El Poso del Caurel
Hola, siempre que hice alguna crónica la traté de una forma muy notarial, relatando los hechos acontecidos, sin nada de adornos, y huyendo de la subjetividad.
Sin embargo, en esta ocasión quiero hacer una reseña un poco personal de la última salida, a pesar de la buena crónica de Miguel, y justo después de dos semanas de los hechos, habiendo dejado que el tiempo se llevara lo irrelevante y plasmar aquello que aún no se ha borrado, es decir, el poso que ha quedado en mi memoria, que es realmente lo que gratamente recordamos en aquellos momentos de nostalgia y de rememoración colectiva de nuestras andanzas.

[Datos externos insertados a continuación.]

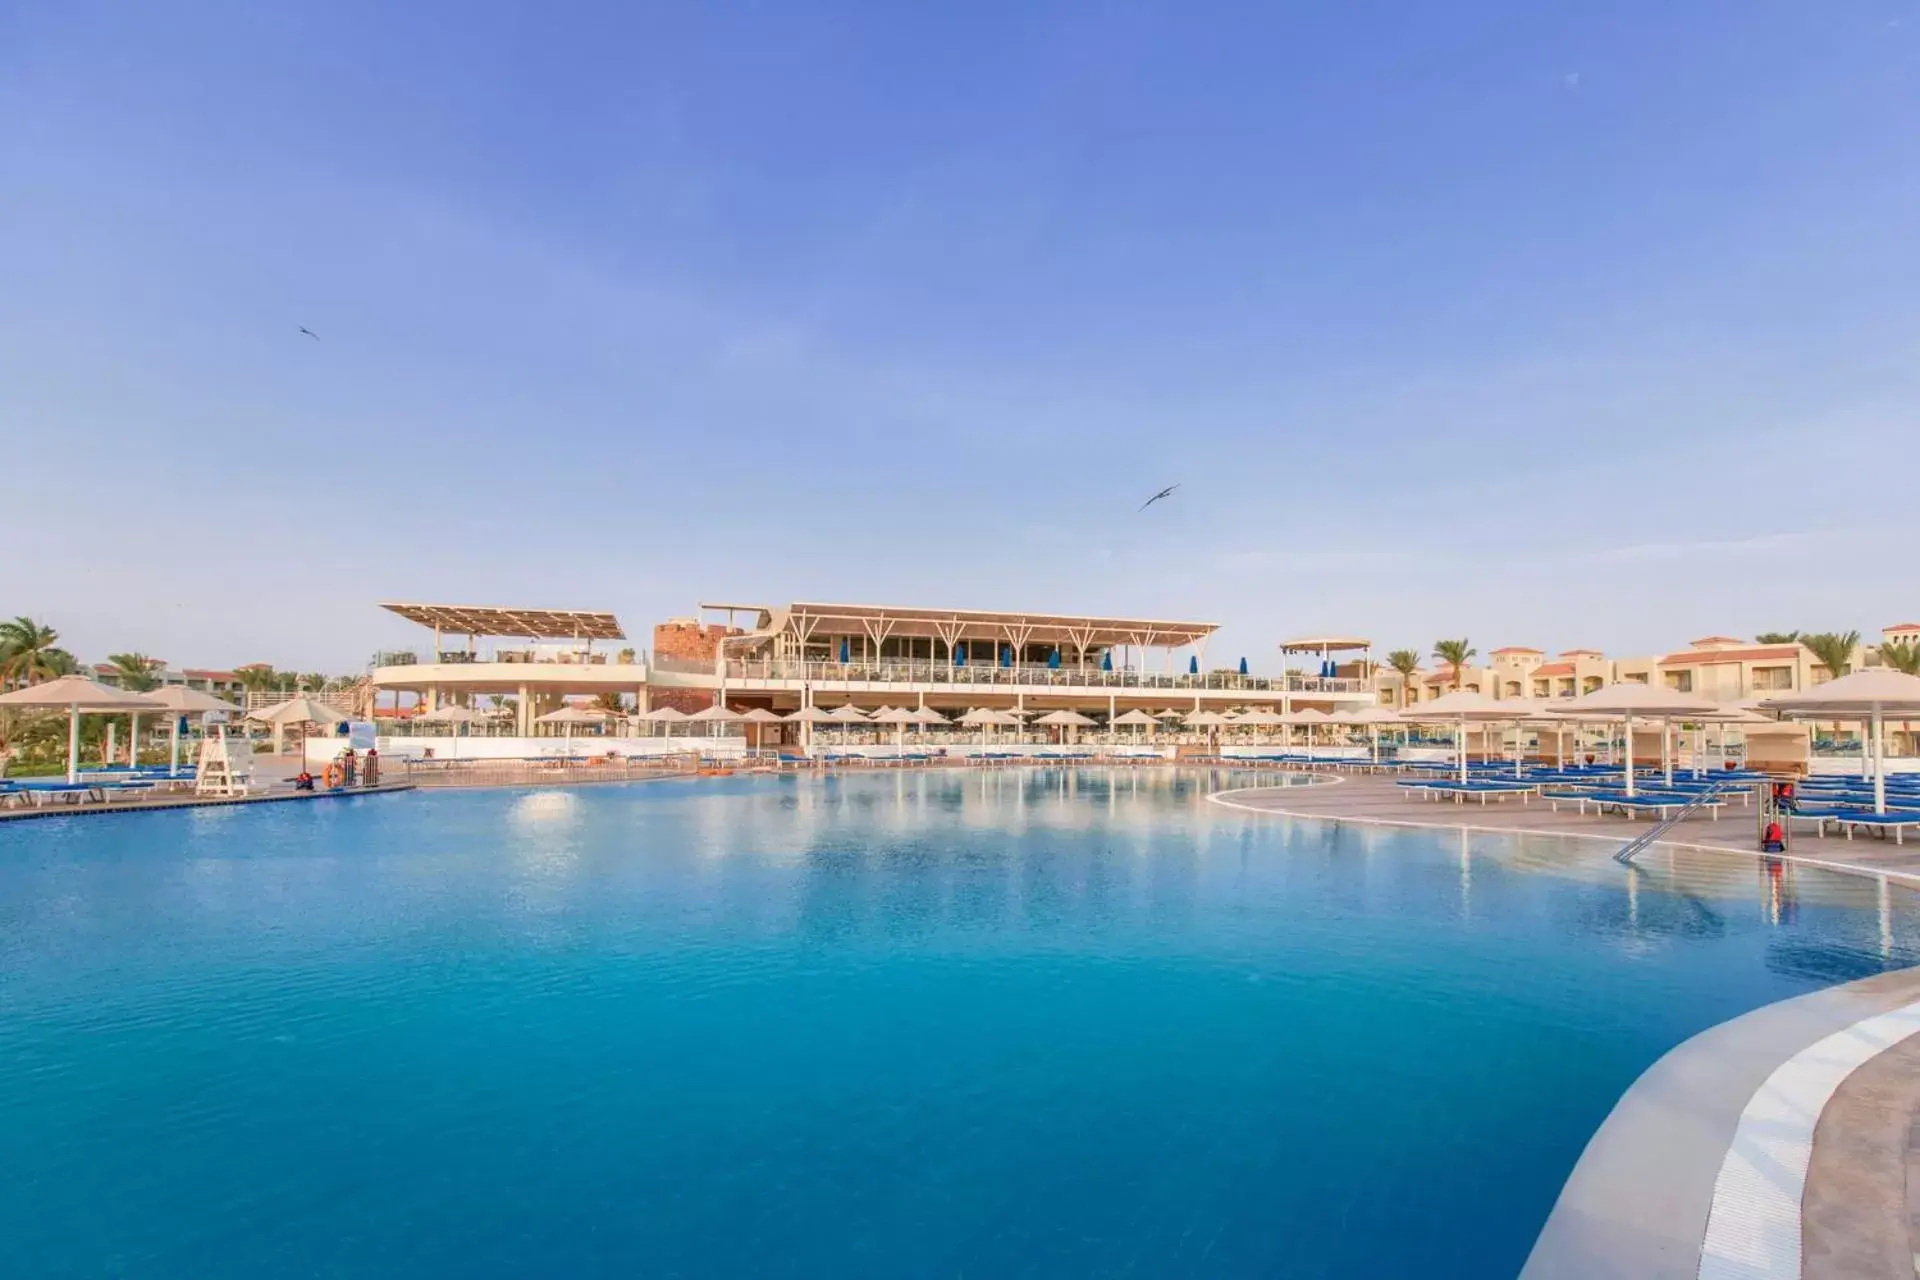 Swimming pool in Pickalbatros Dana Beach Resort - Hurghada

Recuerdo la llegada a “As Laceiras”, esa pequeña ansiedad por encontrarme con el resto de componente de Congostra, interesarme por saber si al final estábamos todos y ver como nos íbamos a acomodar en las distintas casitas del lugar. Inmensa la labor de Fernando, el propietario de “As Laceiras” ( en gallego dícese de la tierra pedregosa, abrupta y poco apropiados para el cultivo), por como las reconstruyó con gran esmero, con respecto hacia la naturaleza, cuidando muchos detalles para buscar un equilibrio entre necesidades humanas y medio ambiente, huyendo de lo cómodo y buscando soluciones del propio entorno. Es gratificante encontrarse en un lugar así, apartado, tranquilo, frondoso y sin electricidad ( la energía que utiliza es solar) y construido utilizando los materiales que le brinda la naturaleza. Además, envuelve todo el conjunto con una acertada muestra de distintos elementos de flora y fauna. El paisaje hace el resto.
Me embarga una gran complacencia recordar la caminata hasta Salcedo, a la luz tenue de Selene y todo el firmamento plagado de estrellas, buscando en la inmensidad celeste donde estaba Venus, o la Osa Mayor, y mostrársela con gran satisfacción el lugar a aquellos que no ha tenido la suerte de dormir al aire libre, con el cielo sobre sus cabezas .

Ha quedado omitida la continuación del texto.